As a 17-year-old working at The Times, and having grown up in a large family on benefits in Wolverhampton, she said she would feel like an "idiot" if she tried to write about the subject. She realised, however, a lot of it came down to common sense and noticing trends.

She argued that it should not just be the “Oxford boys in suits” that get to write columns on politics.

“If you’re a working class woman, then you can’t afford to be pessimistic about the future because you are going to be on the front line if it all goes wrong,” she said.

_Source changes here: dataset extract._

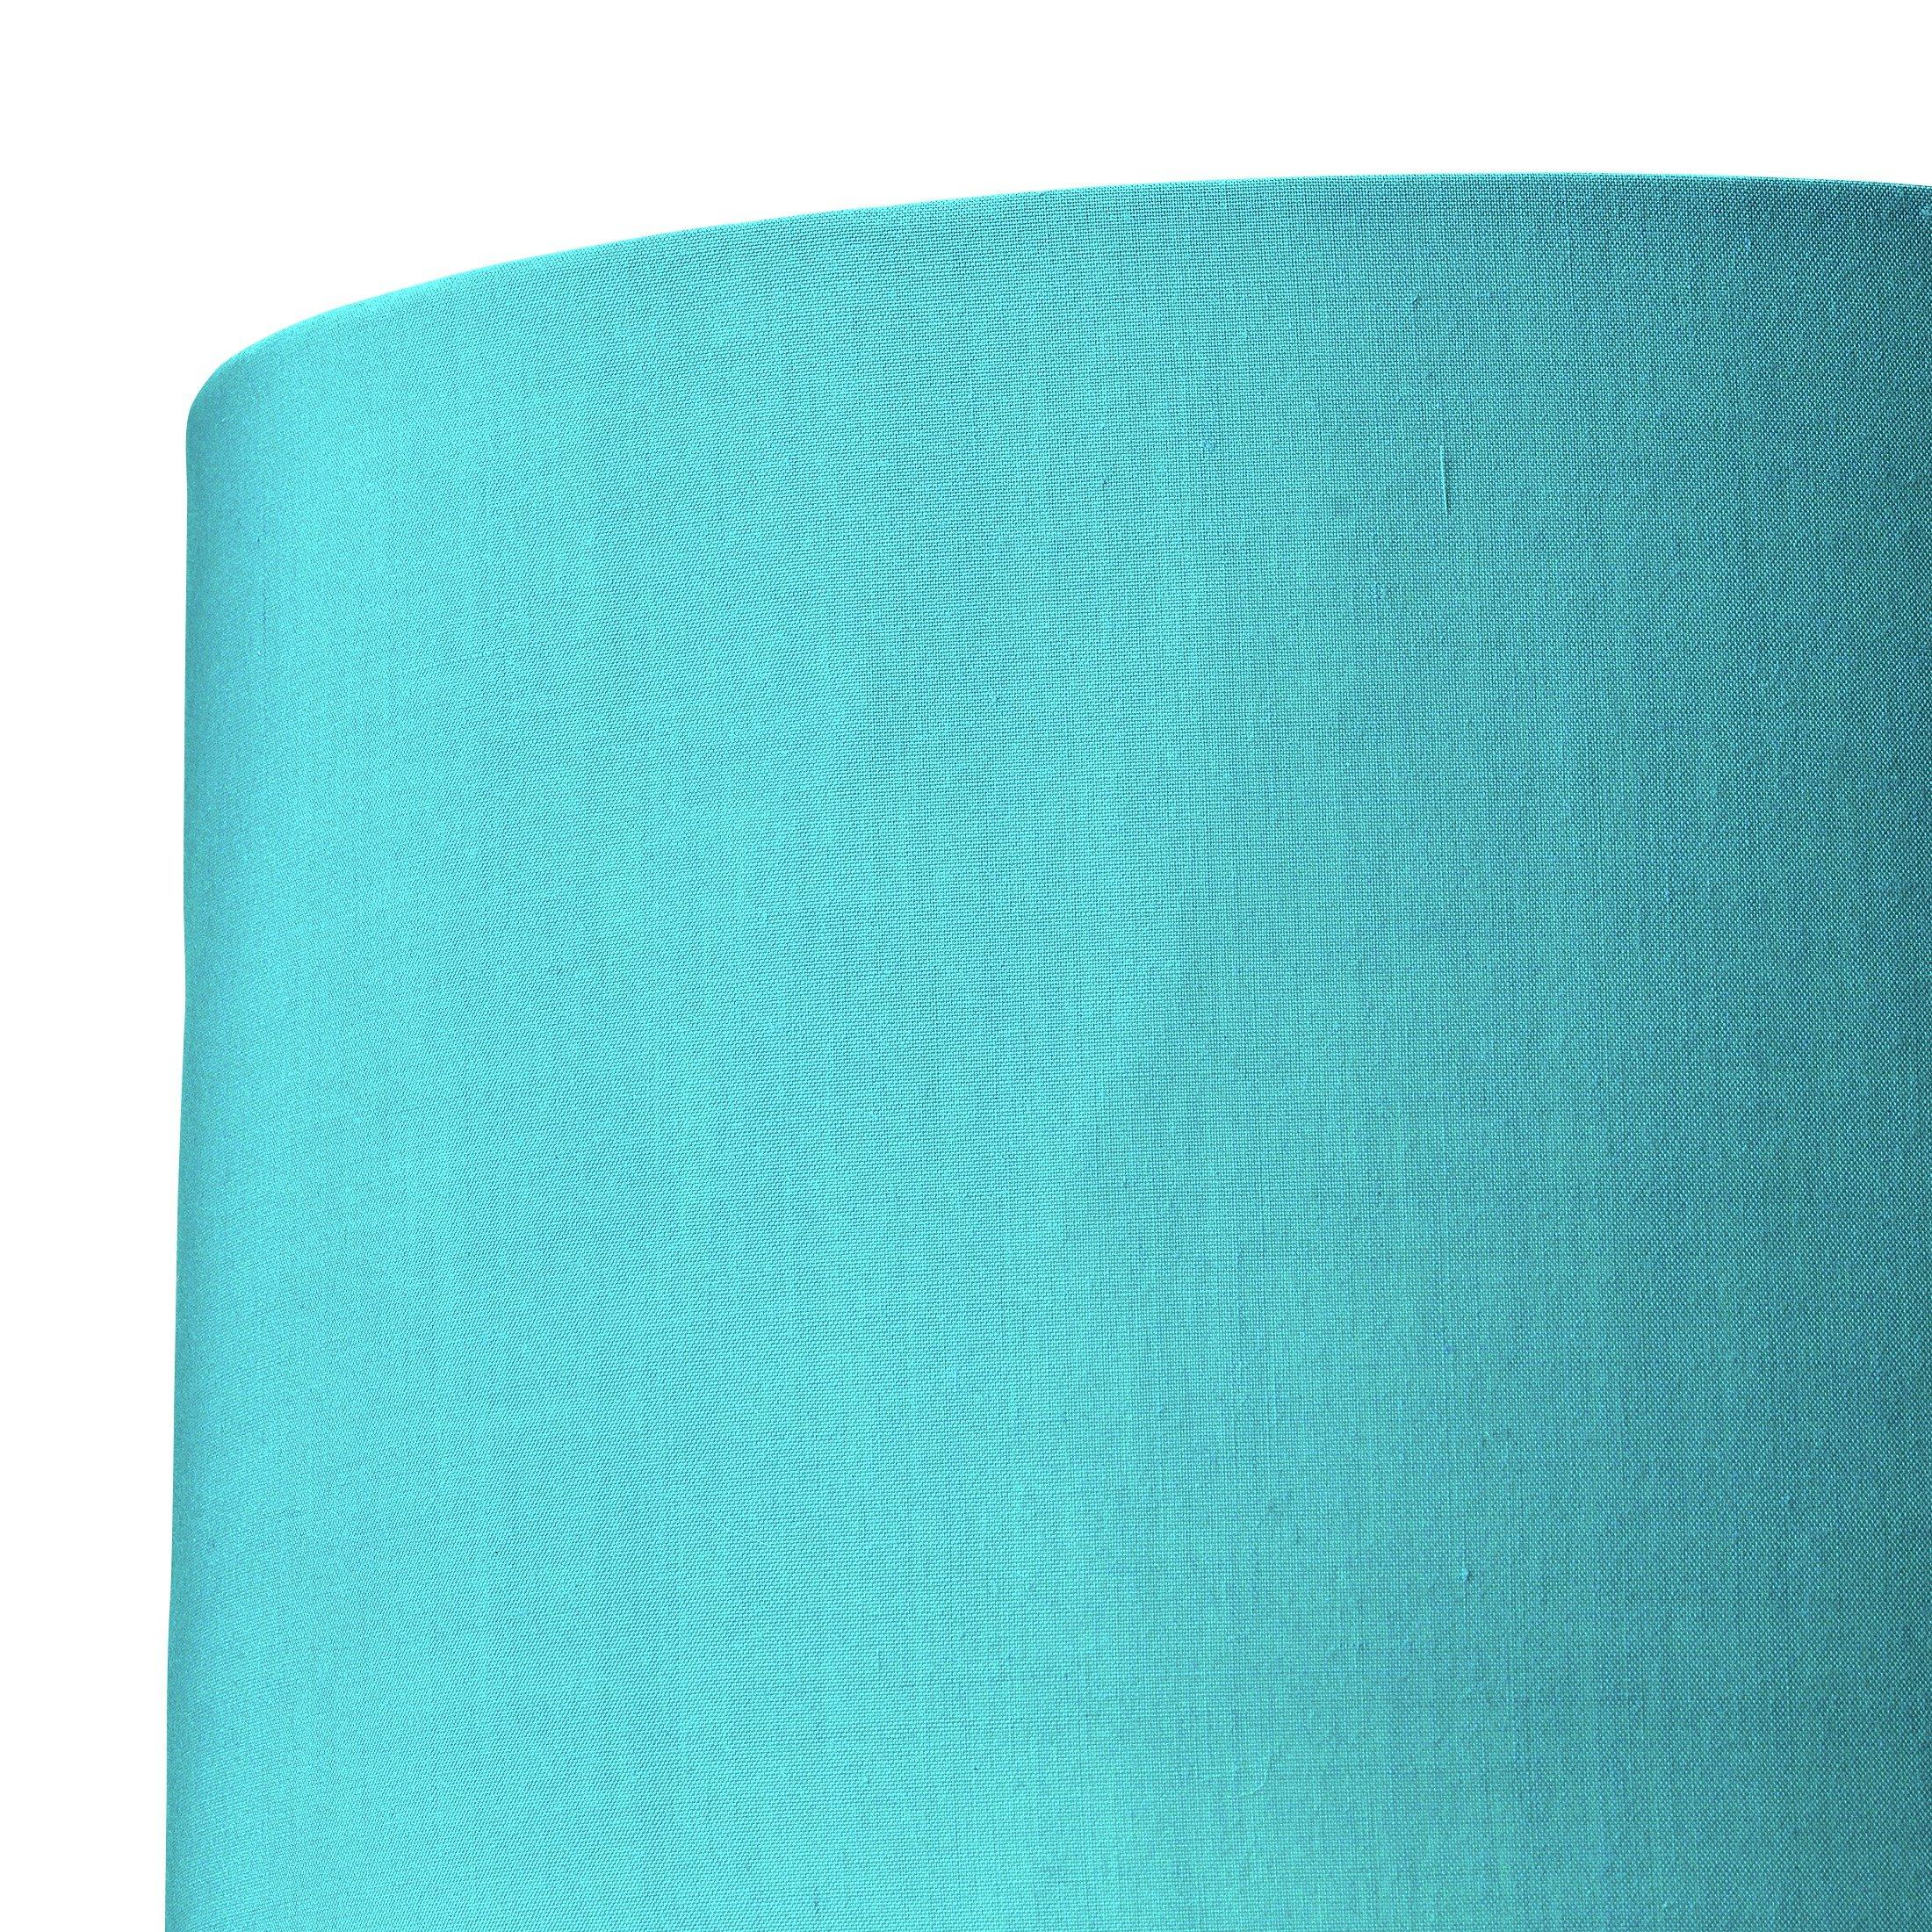 Argos Home Drum Light Shade - Teal

Moranifesto was released on 10 March.

Laura Bates, Girl Up

It’s about time - or it will be on 21 April. The founder of pioneering project Everyday Sexism, which compiles women’s personal accounts of being abused, harassed, catcalled and undermined, is writing a new project and it is eagerly awaited.

For any woman who is sick of being told how to act, how to dress, or how to ward off unwanted advances, this book could be for you.

Girl Up is about the pressures of body image, false representations of women in the media, sex and relationships, social media “and all the other lies they told us”.

Ms Bates has also used her incredibly articulate voice to weigh into the most controversial debates about women, not least when award-winning costume designer Jenny Beaven was ridiculed for not dressing up at the Oscars, or when tabloid newspapers focused more on Home Secretary Theresa May’s cleavage than her budget proposals.

The new book follows the popular launch of a book called Everyday Sexism in 2014.

Jessica Valenti, Sex Object

The Washington Post has named Jessia Valenti “One of the most visible and successful feminists of her generation.” She names herself a “feminist killjoy”.

Either way, the prolific Guardian columnist and author Jessica Valenti is back.

If you like her witty, pithy and poignant columns, the new book by prolific writer Ms Valenti will be like one warm and familiar hug.

Out this summer, the book is an autobiographical account of Valenti’s upbringing and adolescence in New York City, and the painful and funny moments that have made her one of the most recognisable voices on gender equality today.

She has provided a loud and consistent voice in the pro-choice debate in the US as the anti-Planned Parenthood debate intensifies.

Iona Bain, Spare Change

Women often write about being women, but what will really empower women to continue writing about being women?

Money. And women writing about money, educating others to take steps to manage their own finances and thereby guarantee their independence - particularly young women - can be really powerful.

Funny then, why women’s magazines so often lack any advice or tips on the subject.

Enter Iona Bain, journalist and founder of the Young Money blog, following the likes of Evening Standard business journalist and six-time author Lucy Tobin.

Ms Bain's book, Spare Change, aims to help readers get the most from their finances, how to save, how to socialize on a budget, how to make an action plan and to analyse their own relationship with money.

Money and how to manage it is possibly the biggest issue for a good portion of female millennials today.